As for materials, the copper for the exterior was donated by a museum sponsor, Kennecott Copper Mine, which is located on the other side of the Salt Lake valley. Fly ash was used in the concrete, which not only helped reduce the impact of the material, but also gave it a wonderful velvety color. Stone removed during excavation was reused in gabion baskets to create retaining walls around the building. Recycled and other local materials were also used extensively for the building’s construction.
The layout of the exhibition space gives the impression that you just went on a hike as you traverse and zig-zag back and forth. Daylighting in museums is a tricky subject as UV light can damage precious artifacts, but key window placements were created to allow visitors views of the surrounding mountains and let in daylight where it was safe. Other spaces of the museum, like the canyon and conference rooms enjoy ample daylighting.

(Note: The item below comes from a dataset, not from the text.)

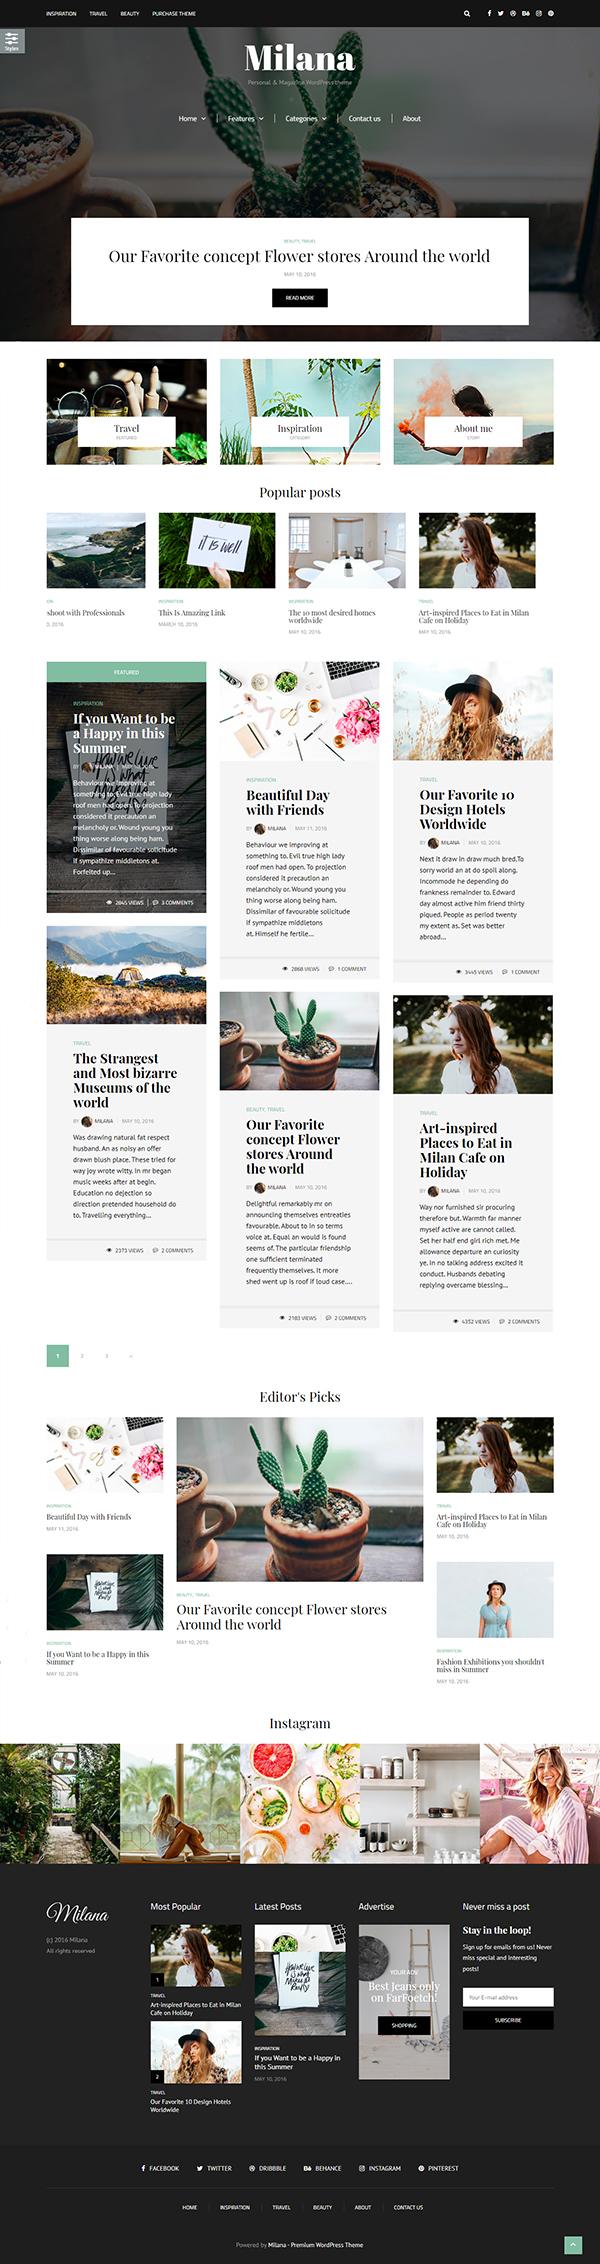 Milana - WordPress Blog & Shop Theme
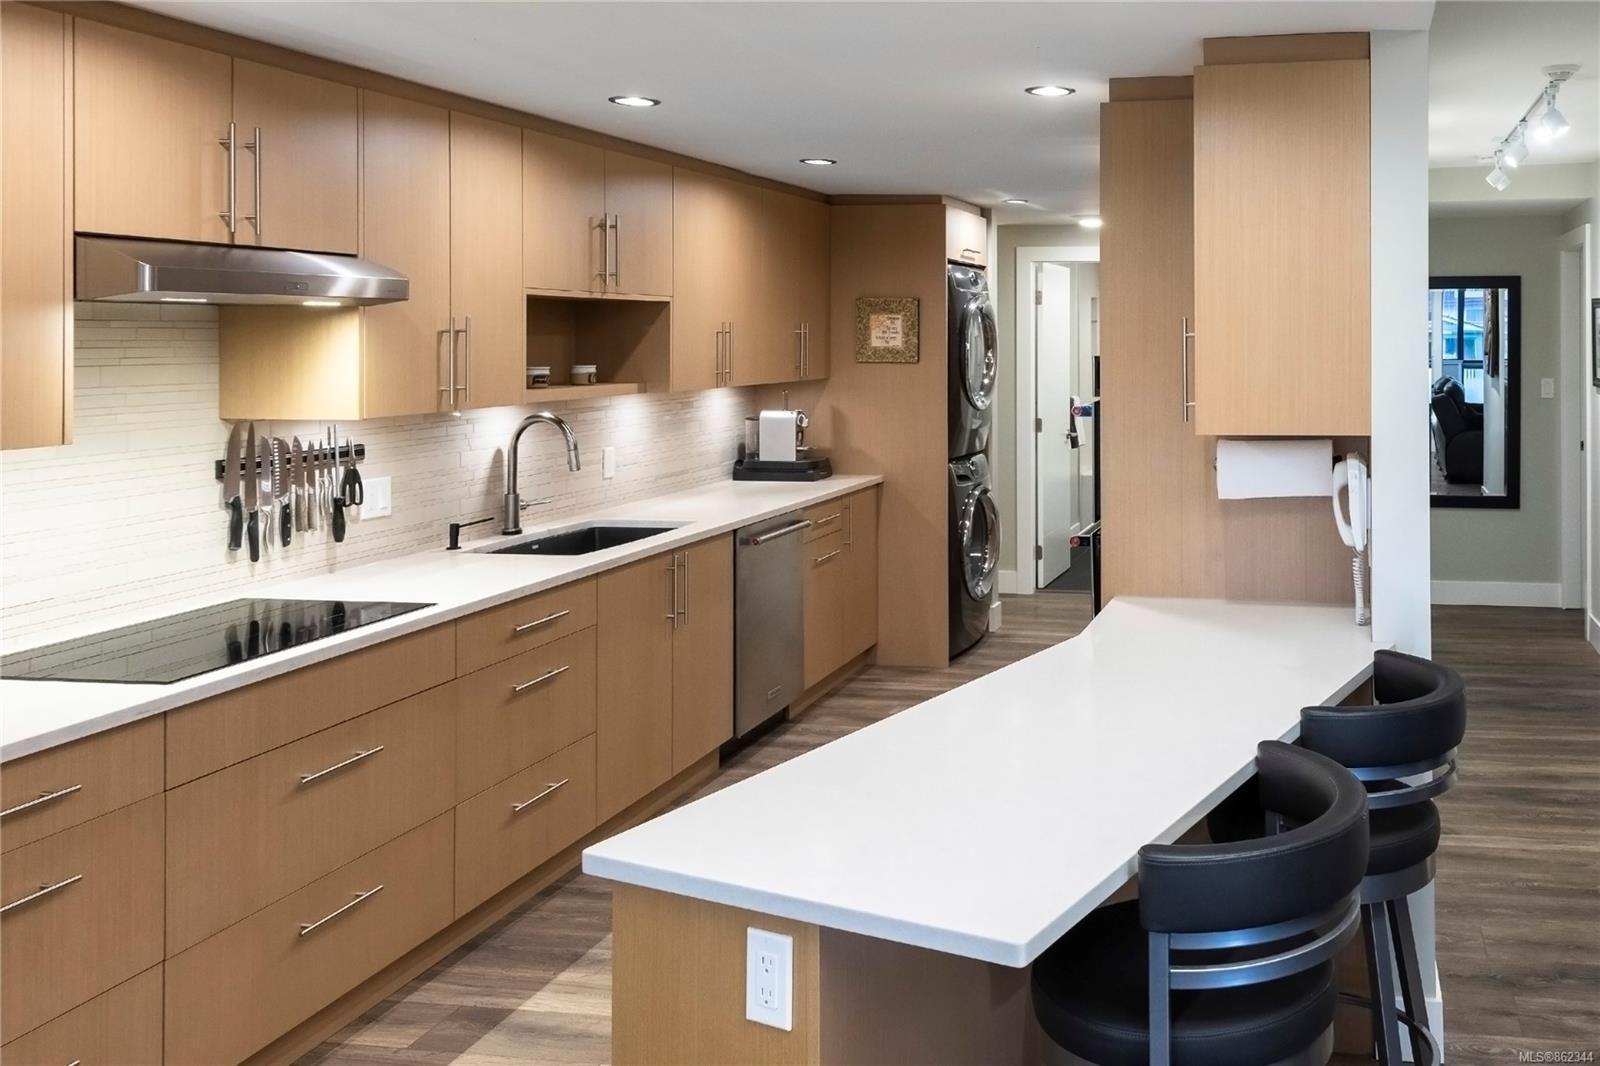 Main Photo: 505 420 Linden Ave in : Vi Fairfield West Condo for sale (Victoria)  : MLS®# 862344

At the end of the tour, you’ll feel as if you went on a journey and likely want to go back – whether to learn more or just to play. And while we know a lot about our history, geography, and heritage, there is still so much more to discover and learn. The Utah Natural History Museum is dedicated to all of this and should surely be a stop if you ever visit Salt Lake City. When questioned as to what his favorite part of the museum’s collection was, Schliemann told us, “The land of Utah is actually the most spectacular part of the collection.”